Wednesday, October 21, 2009

Not much better...yet

I keep questioning how am I supposed to pray? Really what am I praying for? What am I supposed to do? What is the right thing to do? Not just for me but my husband, my children, his grandparents? As I was driving my little girl to school today she informed me that while she still thinks he will be fine, since we named him Michael after the angel, we need to have an angel tree for Christmas this year for him (that made me cry too ~ but only after she got out of the car). Then I asked God, "why me?" and I still have no answer, but I do have a very nervous stomach right now.

My dear husband is just so sweet he held my hand this morning before the sun came up for several hours and let me cry. I know how hard this is on everyone and I know how much he wants this little guy. My husband is an attorney so he wants to fix things and I love him more than he will ever understand, but we both understand this can not be fixed. He did call the genetic counselor today and she told him that the final results would be in Monday or Tuesday. They will not change the outcome, just tell us what kind of Trisomy 18. I am not very clear on all of this yet. They want us to keep our appointment in November ~ 3 weeks away. That seems like it is SO far away.

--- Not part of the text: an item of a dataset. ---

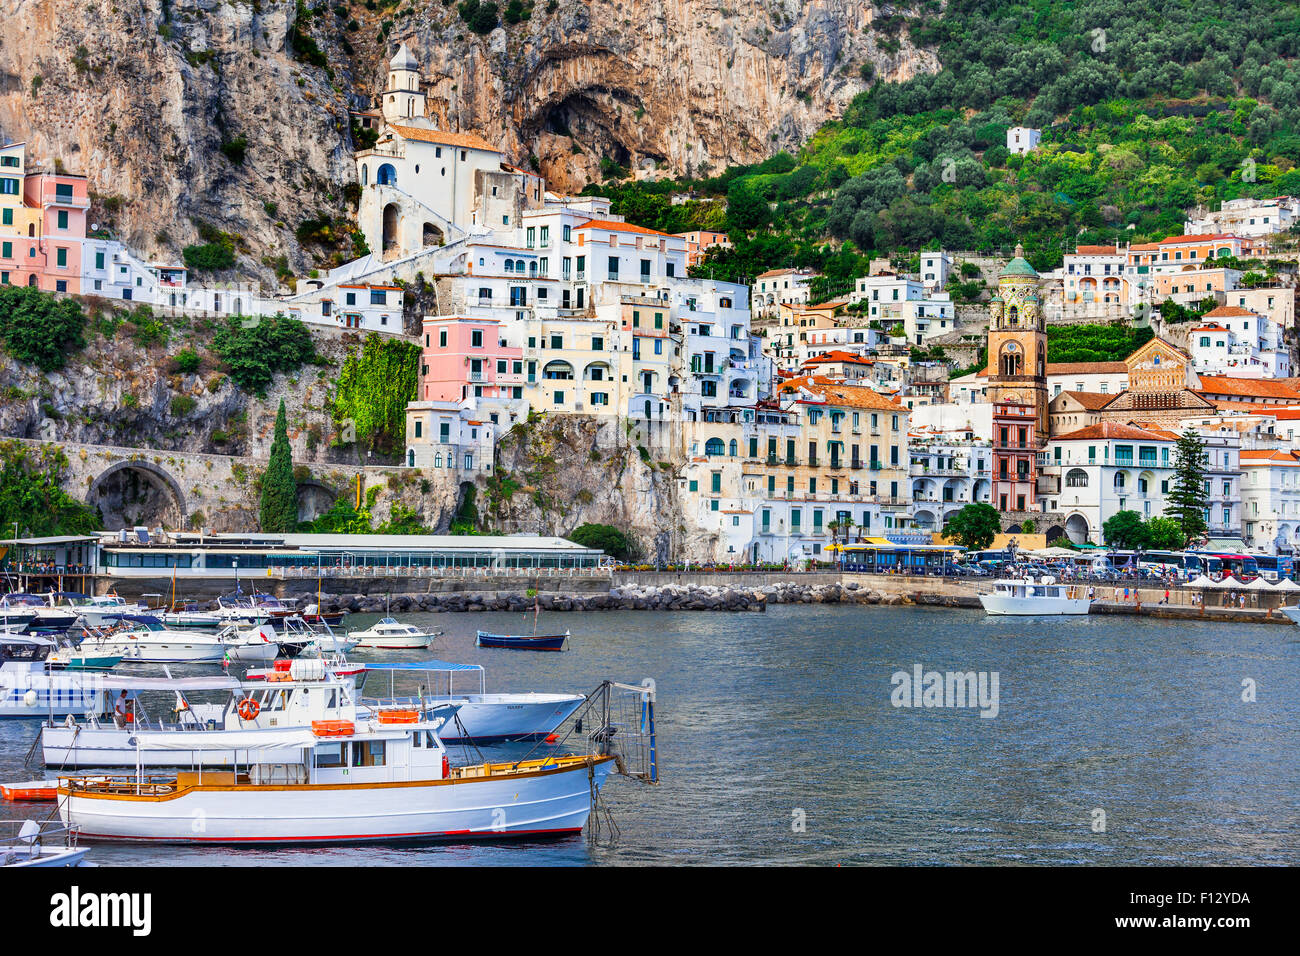 Travel in Italy -  pictorial Amalfi Stock Photo

Ok, I am still trying here but every time he kicks and pushes it makes me cry... I suppose I feel a little sorry for myself, but it is so much more than just me. I worry about him suffering or his heart just stopping and I worry about the impact on my girls and of course my husband. My mom and dad sent us flowers a few weeks ago we just finally threw away. They were to celebrate having a healthy baby boy after all these years and I just have not even had the courage to tell them yet. Perhaps that is why we have Michael, to teach us courage? Right now I just feel grief AND he is still alive. I can't imagine what I will feel later.

Tomorrow is my regular Dr. appt. I am not really looking all that forward to sitting in the waiting area, mainly because I am afraid I will cry. I do not want to upset happy pregnant women. If I have learned anything yet, it is that everyone has a story and cliche as it is ~ you cannot judge a book by its cover.